View of Enrique Martínez Celaya's installation The Pearl, 2013, at SITE Santa Fe.
The Pearl takes you on a slow nocturnal journey experienced through the eyes of a child. As in Proust’s night visions, time and place are fluid. And as in Proust, the installation maps onto the present a remembered past of conflict, regret, fear and longing. The journey collapses inside and outside, domestic and epic, substance and shadow, sight and sound. The Miami-based Enrique Martínez Celaya, now 49, has an unusually wide range, and his commissions have included projects for the Cathedral of St. John the Divine (New York), the Hermitage (Saint Petersburg) and the Berlin Philharmonic. The Pearl amounts to a midcareer retrospective, a summa of themes that have preoccupied the artist for years.
Freud called dreams the “condensation and displacement” of waking life, in which daytime experiences coalesce and reappear as mutable vignettes and episodes. This could serve as no mean description of The Pearl‘s modus operandi. At SITE, you are led through eight sequential rooms, 12,000 square feet altogether, in which you find houses made of dog food, plywood or paint; a 1950s radio playing a musical composition by the artist; 12 Hummel-like songbird statuettes; a 12-foot-long tarred-and-feathered boat containing a lighthouse; a wall-posted poem; waterworks; motion-generated audio; a walk-through diorama with a taxidermied fox and fake Christmas trees ringing a pond; and 600 cutout butterflies pinned to the walls. This catalogue may sound disconcerting, perhaps even distasteful. But the pleasure—and spookiness—of The Pearl comes from your registering how these things accrete, and how Martínez Celaya invites you to connect them. Besides being about memory, then, the work creates memories for the viewer that ricochet and accumulate.
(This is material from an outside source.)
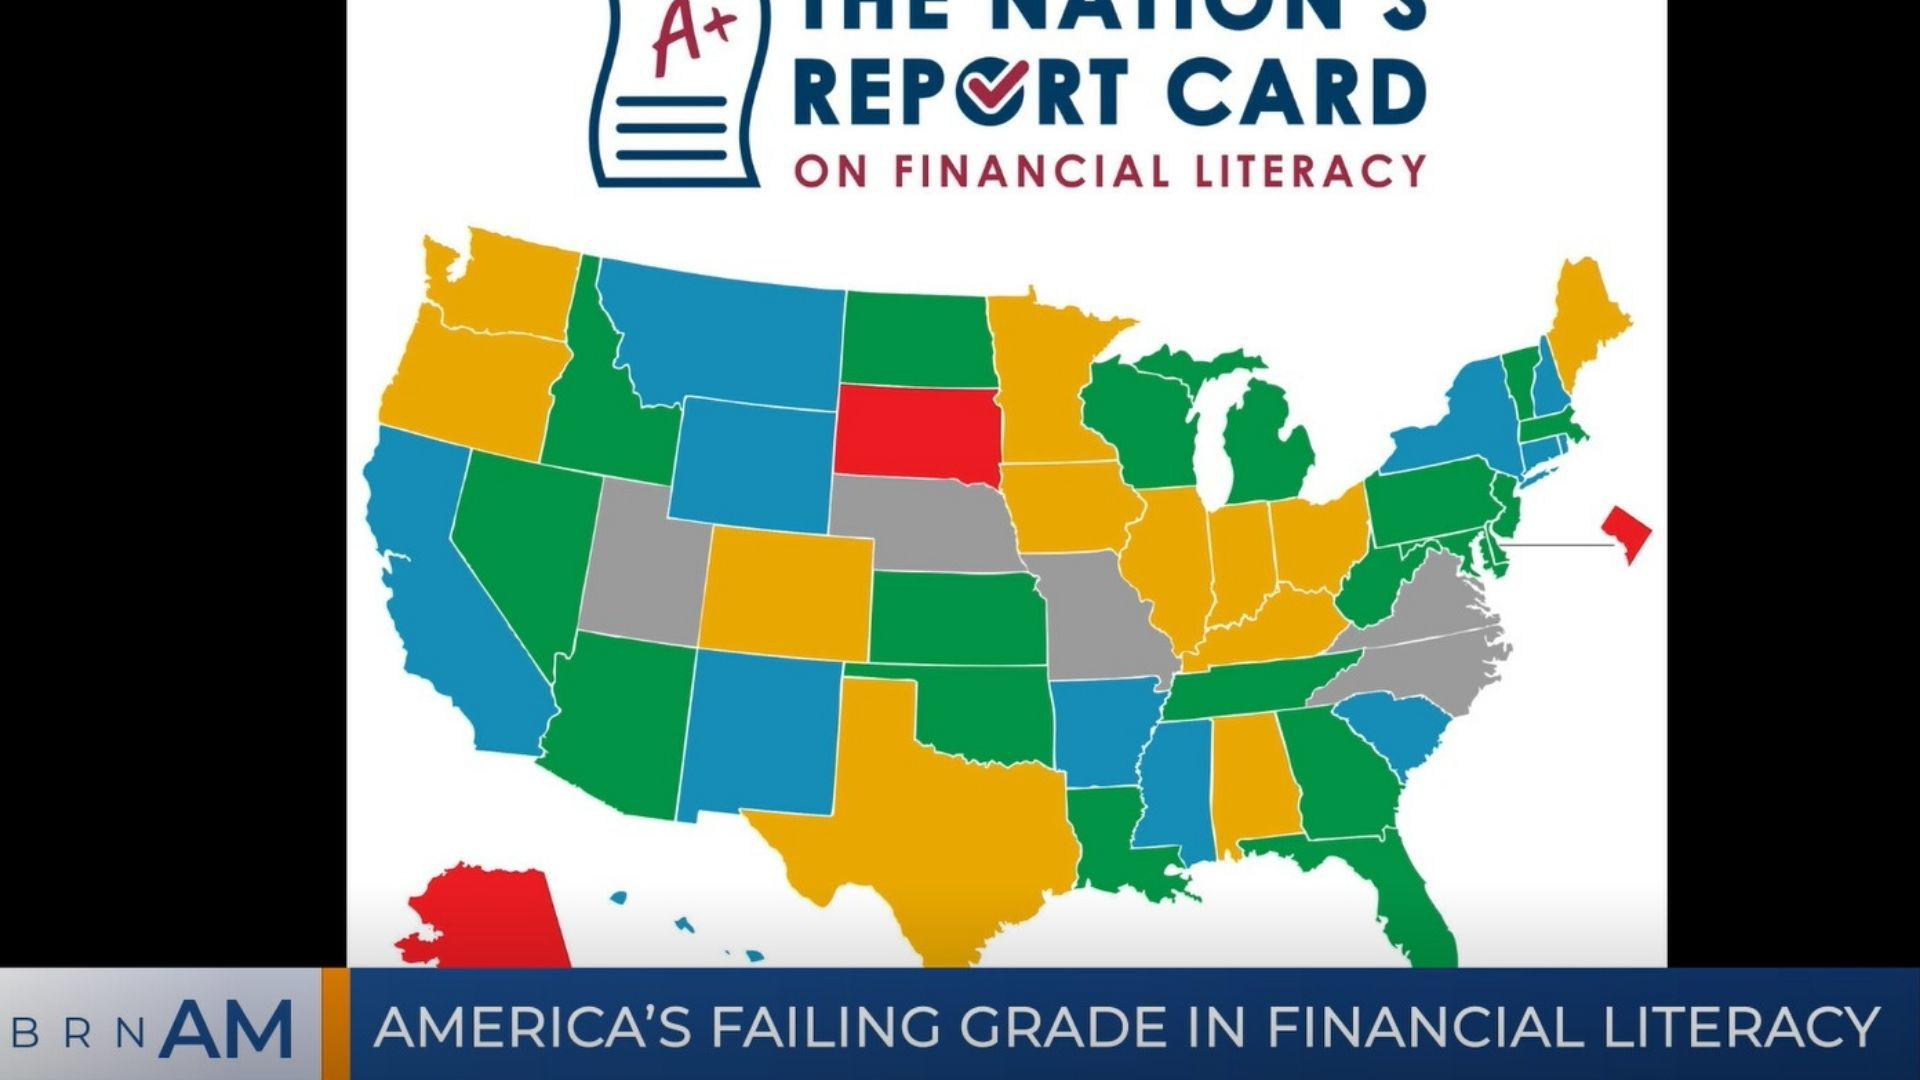 BRN AM | America's failing grade in Financial Literacy
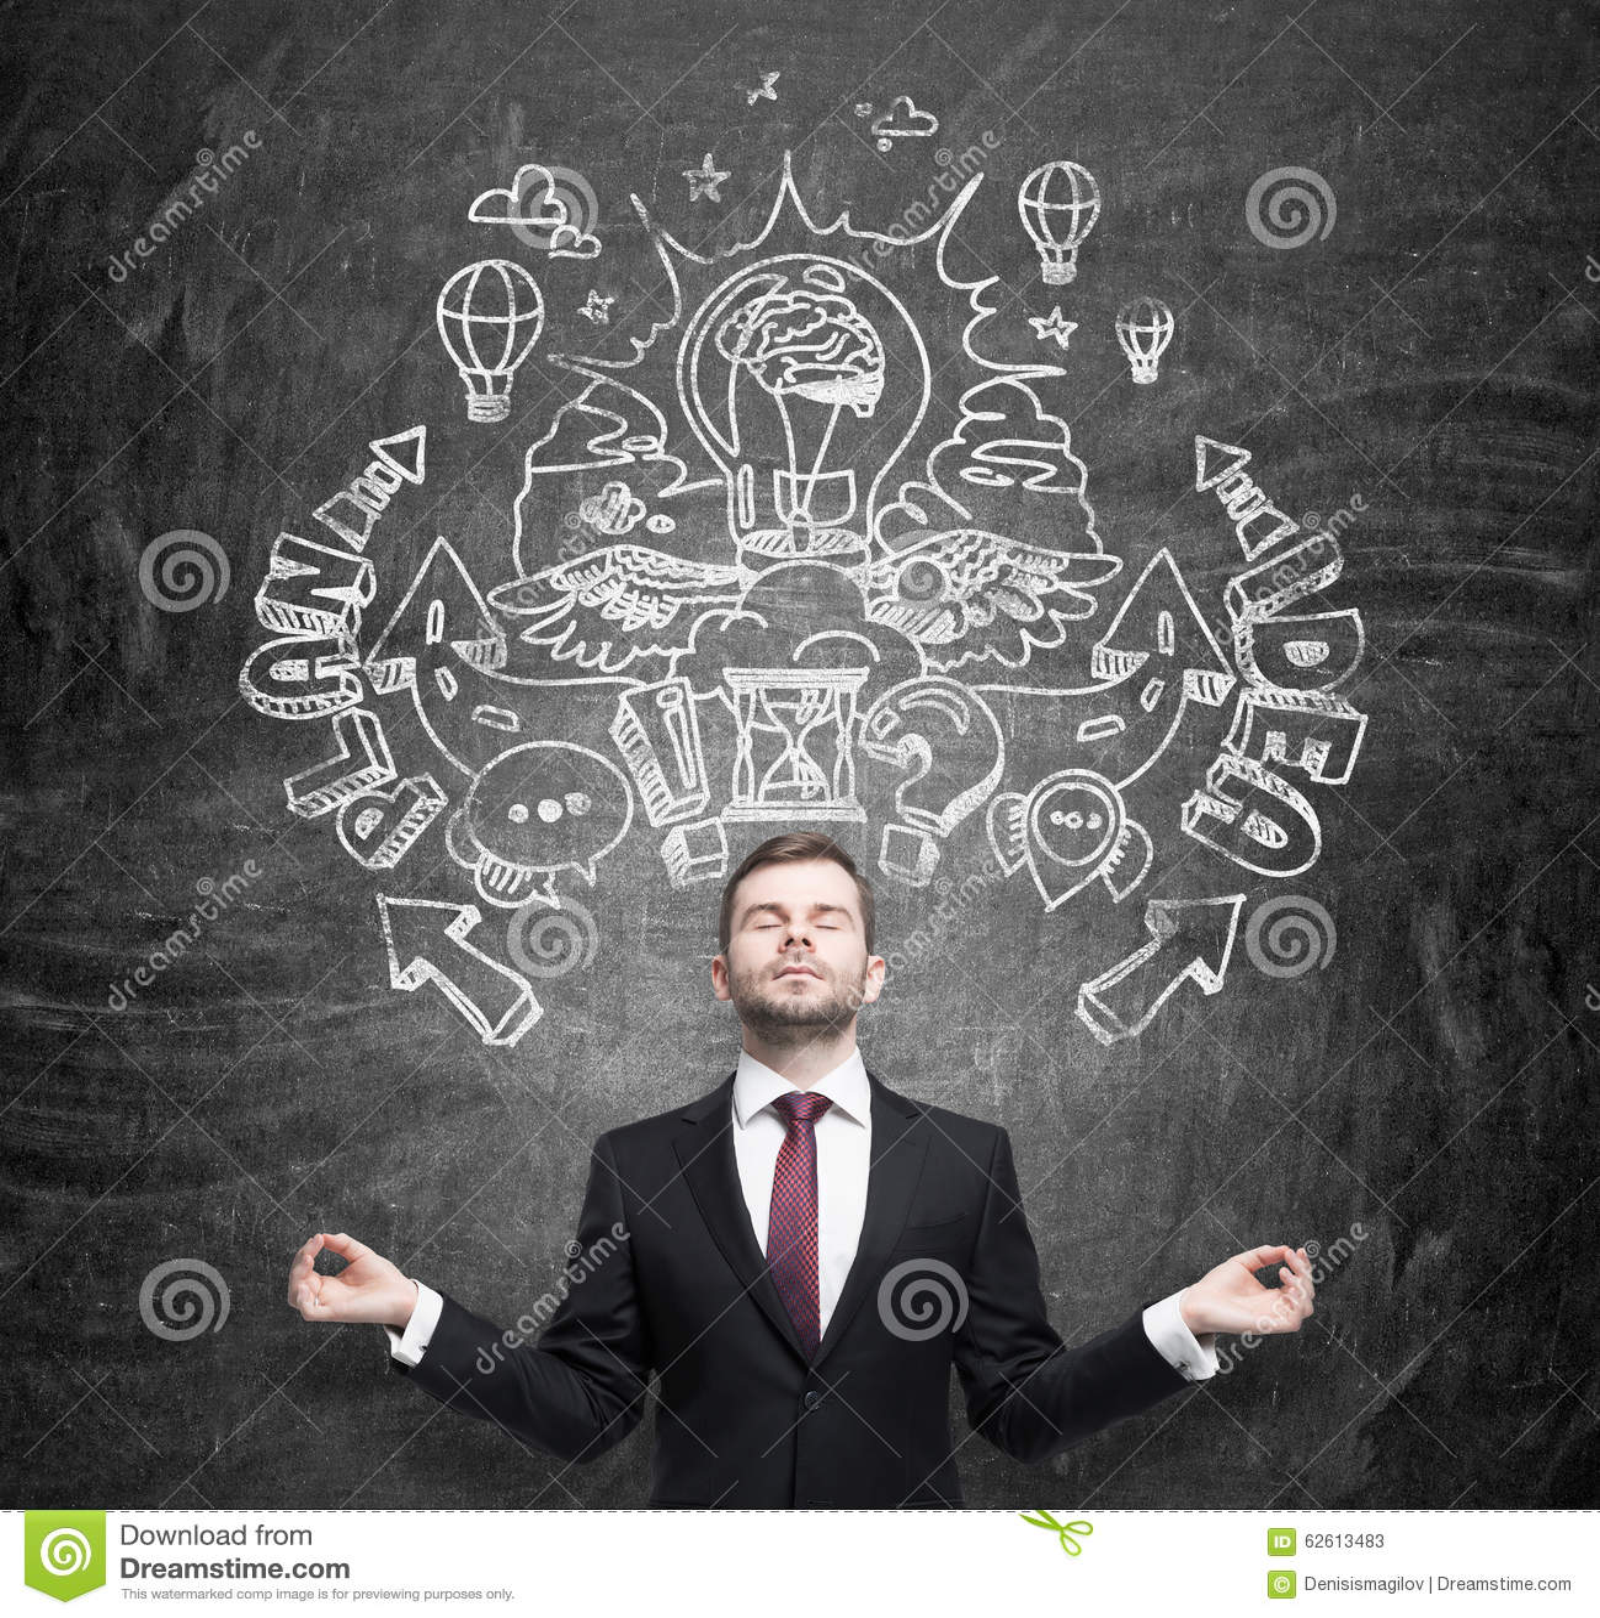 Idea of business plan

Transparent liquid-filled plastic tubing, suspended from the ceilings, guides you through The Pearl, which is both mindscape and bodyscape, as you discover in the last room. There the tube is bundled with electrical wires (the environment’s nervous system?) and a respirator, attached to a set of polyurethane lungs floating in the pond. Although your path is linear, it’s unclear whether advancing physically carries you forward or backward in time. What you have heard or seen returns in different forms throughout. In the first room a terrifying vision of home assaults you. A video shows a German shepherd devouring the dog-food house (shaped like a classic child’s drawing of a house), accompanied by shrieking sounds. The close-up shot is so intimate that you can almost smell the dog’s breath. Indeed, breath haunts The Pearl, from canine breath, to drowning, to those lungs, to birdsong audio. (In Latin “breath” is spiritus, and in Greek “butterfly” is psyche, or “soul.”) The German shepherd reappears in the form of a terra-cotta cookie jar, behind which hangs an intentionally awkward painting on velvet of this dog watching over a dead fox. The menacing cohabitates with the comforting; the guardian is also the killer.
If The Pearl has a center, it’s a 64-inch-high bronze cast of a boy. The plastic tubing terminates at the sculpture, and tears seem to fall from the boy’s eyes into descending beds of pine needles. These echo the shape of a dock in a 116-by-150-inch painting hung behind the boy. It’s as if the child stepped off the canvas and into the gallery. The liquid is then channeled from the pine needles through a winding trough that empties into the pond. The tube we have previously followed reappears, rising out of the water.The Pearl answers postmodern flatness of affect and layered irony with a heart laid bare, for Martínez Celaya is assured enough to be heartfelt. After traveling through anxiety, violence, nostalgia and song, you’re left with a feeling of tenderness. As an oyster creates a pearl in response to an irritating grain of sand, so the artist cradles memories in The Pearl. SITE has never seen anything quite like it; nor, save in dreams, have you.